【事例付】屋根カバー工法とは?葺き替えとの違い

屋根カバー工法

「屋根カバー工法って、どんな工事方法?」
「自分の家が屋根カバー工法に適しているかわからない」

このようにお考えではありませんか?

屋根カバー工法とは、既存の屋根の上に新たな屋根をかぶせる工事方法です。
屋根カバー工法はすべての屋根に適応する工事ではなく、屋根の特徴や築年数によって向き・不向きがあります。

この記事では、屋根カバー工法に適した屋根や費用相場、実際に行われた施工事例もご紹介し、屋根カバー工法について完全解説しています。
あなたのリフォームしたいリフォームが屋根カバー工法に合っているかどうか判断できるほか、工事に用いる屋根材の比較検討も可能となっていますので、ぜひ参考にしてください。


1.屋根カバー工法とは?

屋根カバー工法とは、既存の屋根の上に新しい屋根材をかぶせる施工方法のことです。

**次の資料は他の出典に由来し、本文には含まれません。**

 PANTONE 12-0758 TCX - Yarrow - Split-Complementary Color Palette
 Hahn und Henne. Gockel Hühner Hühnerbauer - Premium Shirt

「重ね葺き」や「カバールーフ工法」などとも呼ばれ、スレート屋根や軽量金属屋根など平板の屋根材で施工できます。

新しい屋根材にはガルバリウム鋼板の他、アスファルトシングルやジンカリウムといった軽量な物が採用されています。屋根カバー工法は広く行われているリフォーム工事ですが、屋根の状態によってはおすすめできないため、現状を確認して判断する必要があります。

1-1.葺き替えとの違い

屋根カバー工法と屋根の吹き替えの違い

屋根のリフォームでは、「葺き替え」という施工方法もあります。葺き替え工事は、既存の屋根材を撤去してから新しい屋根材を葺き替える施工です。既存の屋根材を撤去する際に下地の補修やメンテナンスを行うこともあります。

葺き替えによる屋根リフォームが適しているケース

  • 下地材が傷んでいる
  • すでに屋根カバー工法で施工している
  • 瓦屋根を使っている

2.屋根カバー工法のメリット

屋根カバー工法の主なメリットとして、以下4点が挙げられます。

  • 低コスト
  • 工期が短い
  • 防音性や断熱性が高い
  • アスベストの飛散リスクが少ない

それぞれのポイントについて解説します。

2-1.低コスト

屋根カバー工法は、既存の屋根を撤去するための廃材処分費用や人件費がかからないため、葺き替えに比べて安価です。
また、屋根材自体が長持ちしやすく、長期的なコストも抑えられる可能性があります。

2-2.工期が短い

屋根カバー工法では既存屋根の撤去や廃材処分が不要な分、工期も短縮されています。
屋根の形状や大きさにもよりますが、早ければ葺き替え工事の約半分の工期で施工できるケースもあり、工事中の不便さやストレスも軽減されるでしょう。

2-3.防音性、断熱性が高まる

屋根カバー工法により屋根が二重構造になるため、防音性や断熱性がアップします。「屋根にあたる雨音が気になる」「屋根からの冷気や熱気で室温が保たれにくい」といったお悩みを解消したい場合にも有用です。

2-4.アスベストの飛散リスクが低い

2004年以前に建てられた多くのスレート系屋根材にはアスベストが含まれており、撤去する際には健康への影響に配慮して、飛散を防ぐ処理を行う義務があります。また、処分の手続きや費用も必要なのですが、屋根カバー工法なら新しい屋根を被せられるため、アスベスト飛散のリスクを回避できます。


3.屋根カバー工法のデメリット

メリットが多い屋根カバー工法ですが、デメリットもあります。ここでは、主に以下2つのデメリットについて解説します。

  • 屋根が重くなり耐震性に影響する可能性がある
  • 瓦屋根や劣化が激しい場合は施工できない

各項目について見ていきましょう。

3-1.屋根が重くなり耐震性に影響する可能性がある

既存の屋根に新しい屋根材を重ねるため、屋根が重くなり、場合によっては耐震性が低下する可能性があります。よく使われるガルバリウム鋼板は軽量で、屋根全体に施工しても耐震強度には影響しにくいことが多いですが、不安な場合は業者に相談してみましょう。

3-2.瓦屋根や劣化が激しい場合は対応できない

屋根カバー工法は、瓦屋根や劣化が激しい屋根には施工できないため注意が必要です。すでに雨漏りを放置して時間が経っている場合や、屋根材自体の浮き沈みが見られる場合には、下地材の張り替えや補修が必要になります。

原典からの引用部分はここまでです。